道は人の心の中にあり、言語を以てこれを喩(たと)えることは、非常に難しい事でごさいます。
ある者は有形のものが道であると言い、ある者は無形のものが道であると言っております。
それぞにその理があるけれども、しかし、大道は変化の一句から離れるものではありません。
なぜなら、大道の一句は、全てを包含することが出来るからでごさいます。
ここの女社(女道徳社の略称、女性の為の道院。女性の修養を目的とし、観音様が、此処を統べます。)について言いますと、老尼(蓮台聖の自称)はすでに二ヶ月余り、この檀の訓示に臨んでおりません。
この二ヶ月余りの期間の中に、この世では、どれほど多くの変化が起こったか知れません。
死んだり、安らかになったり、危うくなったり、強くなったり、弱くなったり、病気になったり、健康になったり、その変化の状態はまちまちであって同一ではありません。
もし、これを総合的に研究してみると、所詮この道の一字から、はみ出るものは一つもないのであります。
病気には病気を招く原因があり、健康には、健康を招く原因があり、生まれるには、生まれるだけの原因があり、安らかなのは、安らかさを招く原因があり、死ぬには、死ぬだけの原因があり、危ういのは、危うさを招く原因があるのです。
それはどうであれ、結局はこの原因の2字から、はみ出るものは、一つもないのです。
然るにこの原因が発生するのも、又すべて、自分の心から出たものであります。
したがって心というものは原因の元であり、修方(道院の修養者)が能(よ)くその心というものが、全ての原因が心にあるという至極の原理を明らかにすることが出来れば、わが身の一生涯に於けるさまざまな変化も、納得でき、理解することも、出来るのです。
また、他人に問う必要もないのです。
これらの変化は人の一身上において、すなわち道となるのです。
人心が善に向かって能く道を修めれば、それによっていい結果が得られるのです。
それに反し、人心が善に向かうことなく、道を以て悟ることなく、自らの聡明に頼って自分自身の見解を固執すれば、最後は良くない結果を招くことになるのです。
ある人が言うには、世間では善を行っている人でも、その結果が、極めて良くなく、又善を行わずして、常に悪を為している人でも、その結果が極めて良い人もおります。
これは一体どうしてでしょうか。
この質問は修道を研(きわ)める上に於いて、当然に究明すべき事でございます。
ただし、これらの状態は表面だけ見て論じてはならないし、また、今生だけを見て論じてもなりません。
この両面があるので。研究しなければなりません。
例えば、善を行っていても、その、行いは善で、あっても、その心が不善(妄念妄想)であれば、例え善行であっても遂にはその、心の中の妄想妄念を覆い隠すことは出来ないのです。

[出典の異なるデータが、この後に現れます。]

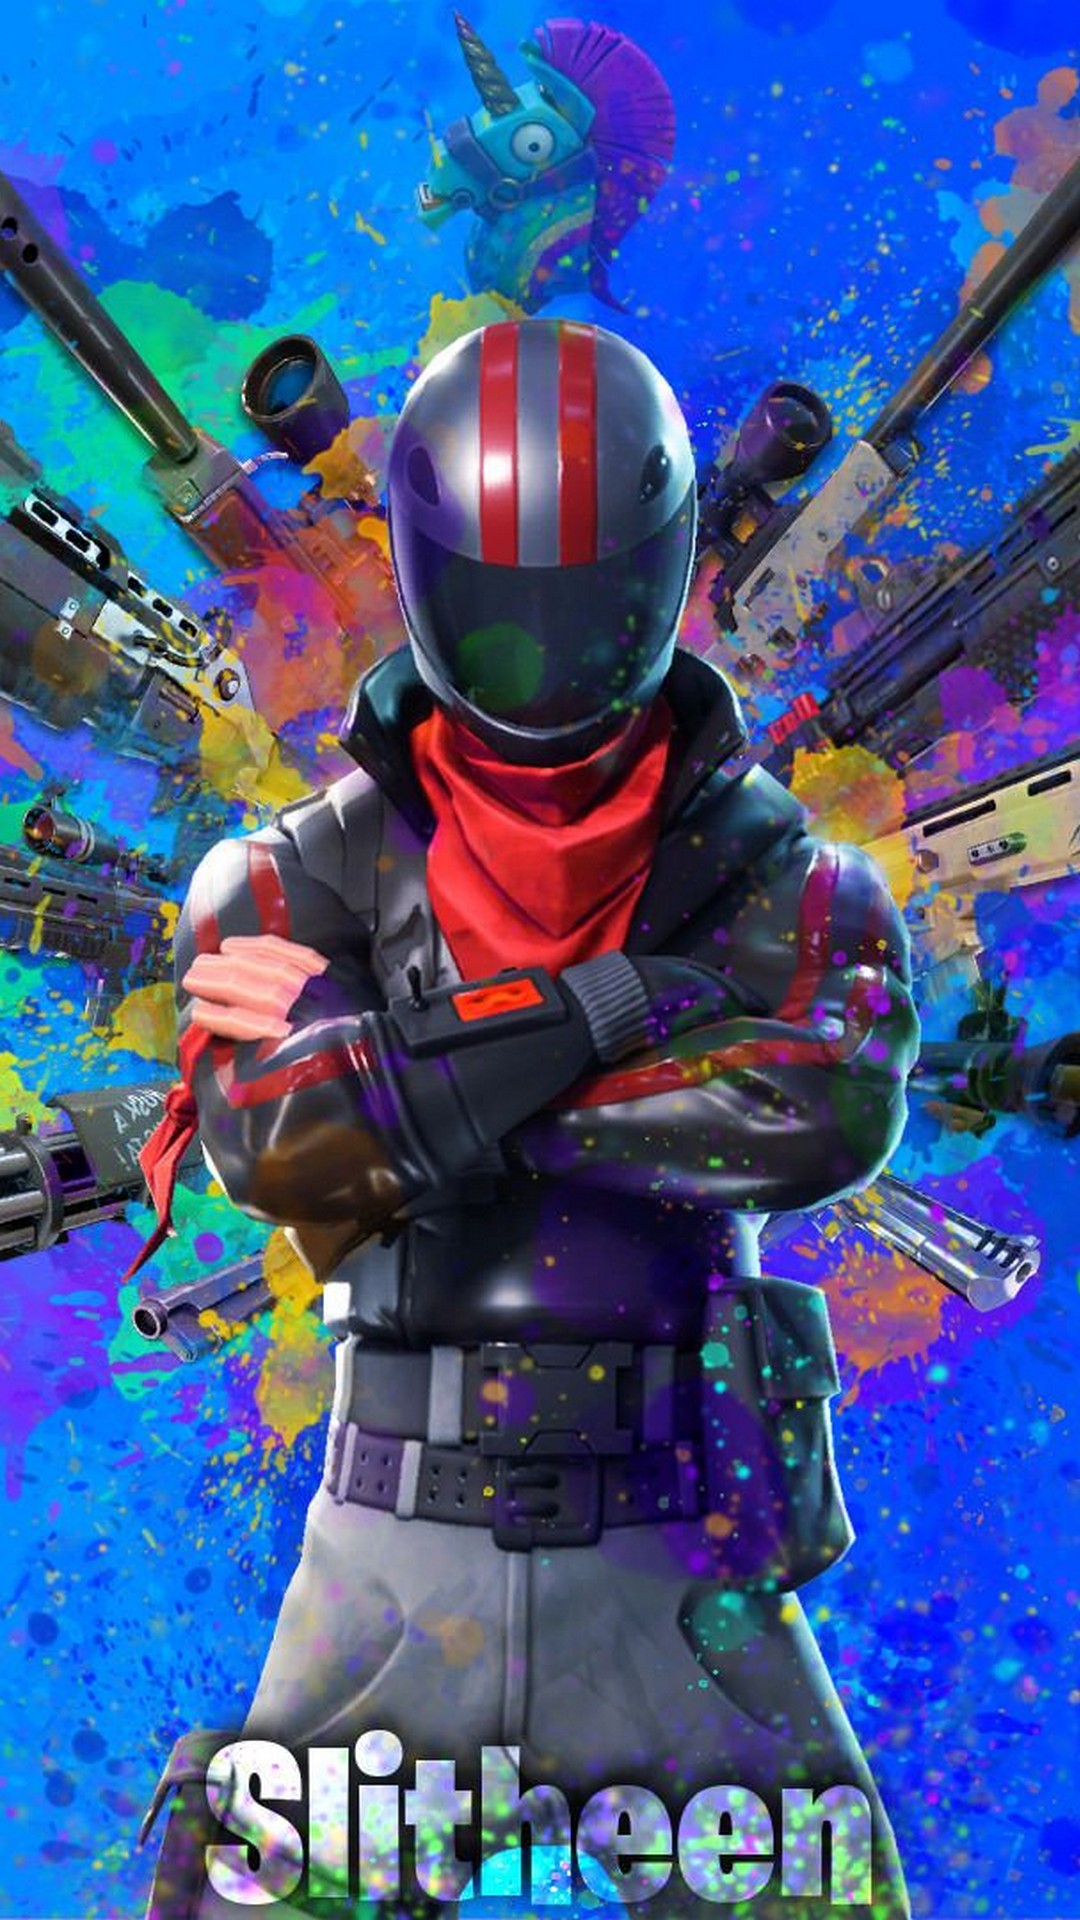 Fortnite Wallpaper for Phones with high-resolution 1080x1920 pixel. Download all Mobile Wallpapers and Use them as wallpapers for your iPhone, Tablet, iPad, Android and other mobile devices

例え、悪を行ってもいても、その行いは例え悪であっても、時にはその心中は能く、人生意気に感じ、義を感じて行ったことは、世間的には不善となることもあります。
また、種々の善行があっても、これらの隠れた善行は往々にして世間の人が知らないし、あるいはおろそかにしているので、表裏または、心と行いの上での相違があらわれてくるのでございます。
また、悪人といえども、前世に於いて善因を積み重ね、善人といえども、前世に於いて悪因を積み重ねていれば、この世に於いても、常識的な道理だけを以てこれを推測評価することは出来ません。
要するに心は原因の本でございます。
人が能く、心を正して善因を修めれば、悪といえども善に変える事が出来ます。
各修方は現在、この時期に、処して、当にこれを以て自ら悟り、慎んでこれを修めるのでございます。